The prosthetics had been developed by a team at a veterinary biomechanics lab in Colorado that had been working on the problem of animal limb loss with the specific urgency of people who understand that military working dogs are not equipment — a classification the Army officially abandoned in 2000 when MWDs were reclassified from property to canines, a distinction that everyone who had ever worked alongside one of them found about forty years overdue.

The fittings had taken three months. Each prosthetic was custom-fabricated to Atlas’s specific anatomy, gait pattern, and weight distribution. The process had required patience from the veterinary team and a different kind of patience from Atlas, who had submitted to the repeated fittings and adjustments with the focused cooperation of an animal that seems, somehow, to understand that the humans around him are trying to help even when helping requires discomfort.

Danny had been present for every session. This was not officially required. He was there anyway.


The first time Atlas walked on all four prosthetics without assistance, he walked directly to Danny.

Not to the veterinary team. Not to the base commander who had come to observe. Not toward the open door and the outside air, which dogs generally prioritize.

To Danny. Across the room. Eleven steps on new legs, each one a small negotiation with physics and balance and the entirely new information his nervous system was processing, and at the end of the eleven steps he sat — the formal working sit, the one that means I am here, I am ready, tell me what we’re doing next — and looked up at Danny with the amber-eyed, full-attention regard that had been Danny’s to receive for four years.

Danny went down on one knee. He put both hands on either side of Atlas’s face. The dog’s tail moved.

“Good boy,” Danny said. His voice was completely level. He was from San Antonio, Texas, and he had been raised in a tradition that did not make public exhibitions of certain things.

“Good boy,” he said again, and this time his voice was not level at all, and he stopped trying to make it so.

Around them, twelve soldiers found reasons to look at other parts of the room. The veterinary team became very interested in their equipment. The base commander cleared his throat twice.

The American flag on Atlas’s harness caught the fluorescent light and held it.


Six weeks later, Atlas stood in formation.

Full dress. American flag on his harness. Prosthetics polished to the standard that the unit held for boots and brass — because if Atlas was in formation, Atlas was in uniform, and uniform meant standards, and standards were not suspended for injury or difficulty or anything else the military had a word for.
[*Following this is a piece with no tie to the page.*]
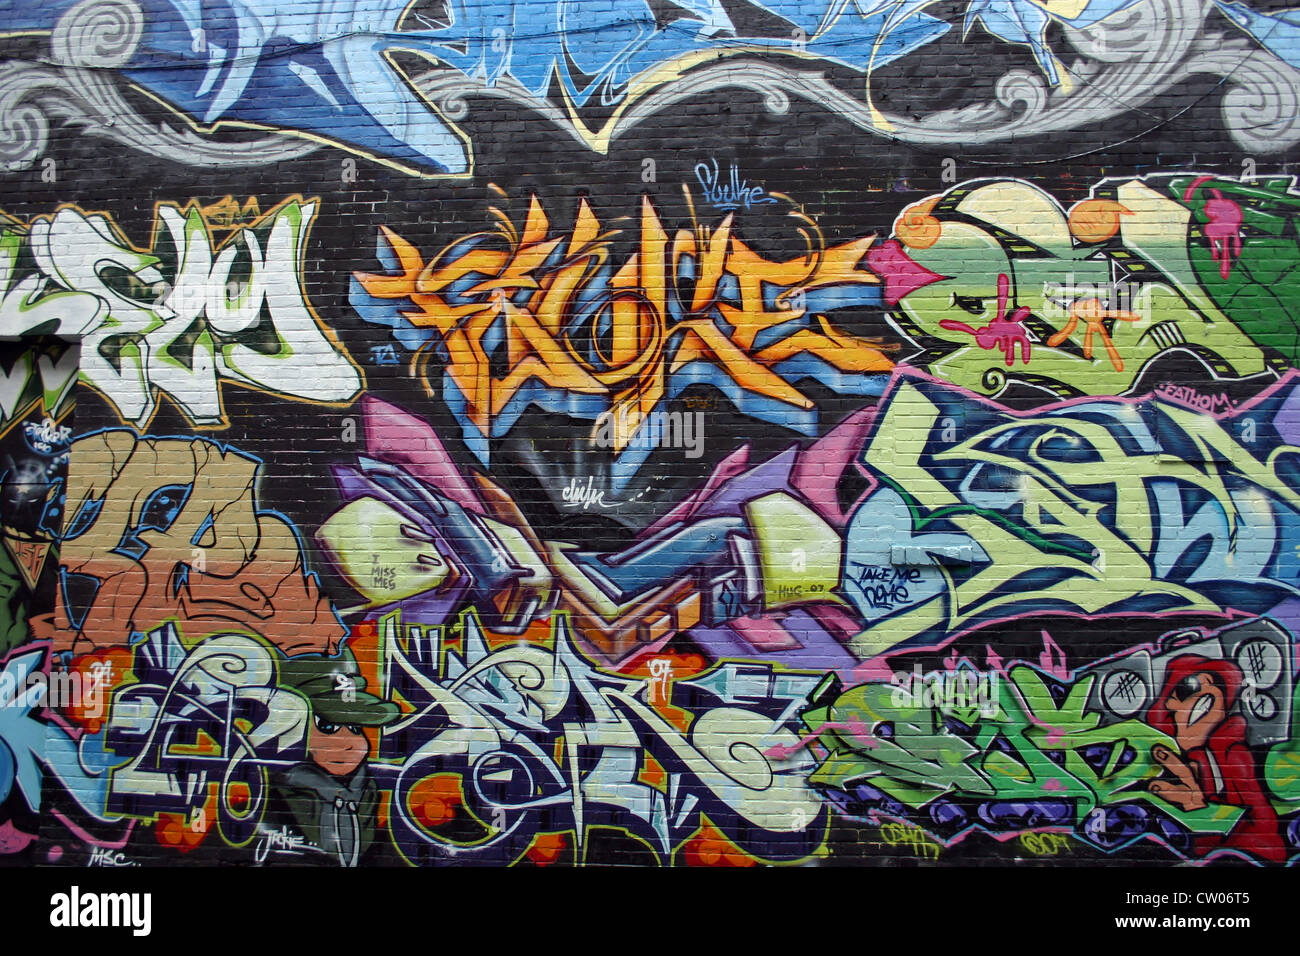 Painted graffiti on a building wall in Montreal, Quebec Stock Photo

He stood between Danny on his left and Sergeant First Class Maria Okafor on his right, and he stood straight, and he stood still, and he stood with the particular quality of presence that certain individuals — human and otherwise — carry into a room, the quality that makes others stand a little straighter without quite knowing why.

The commanding officer walked the line. When he reached Atlas he stopped. He looked at the dog for a moment — really looked, the way busy people rarely take time to look at things.

Then he said, to the unit, to the dog, to no one and everyone: “This is what it looks like. Right here. This is exactly what it looks like.”

Nobody asked what he meant. Everyone knew.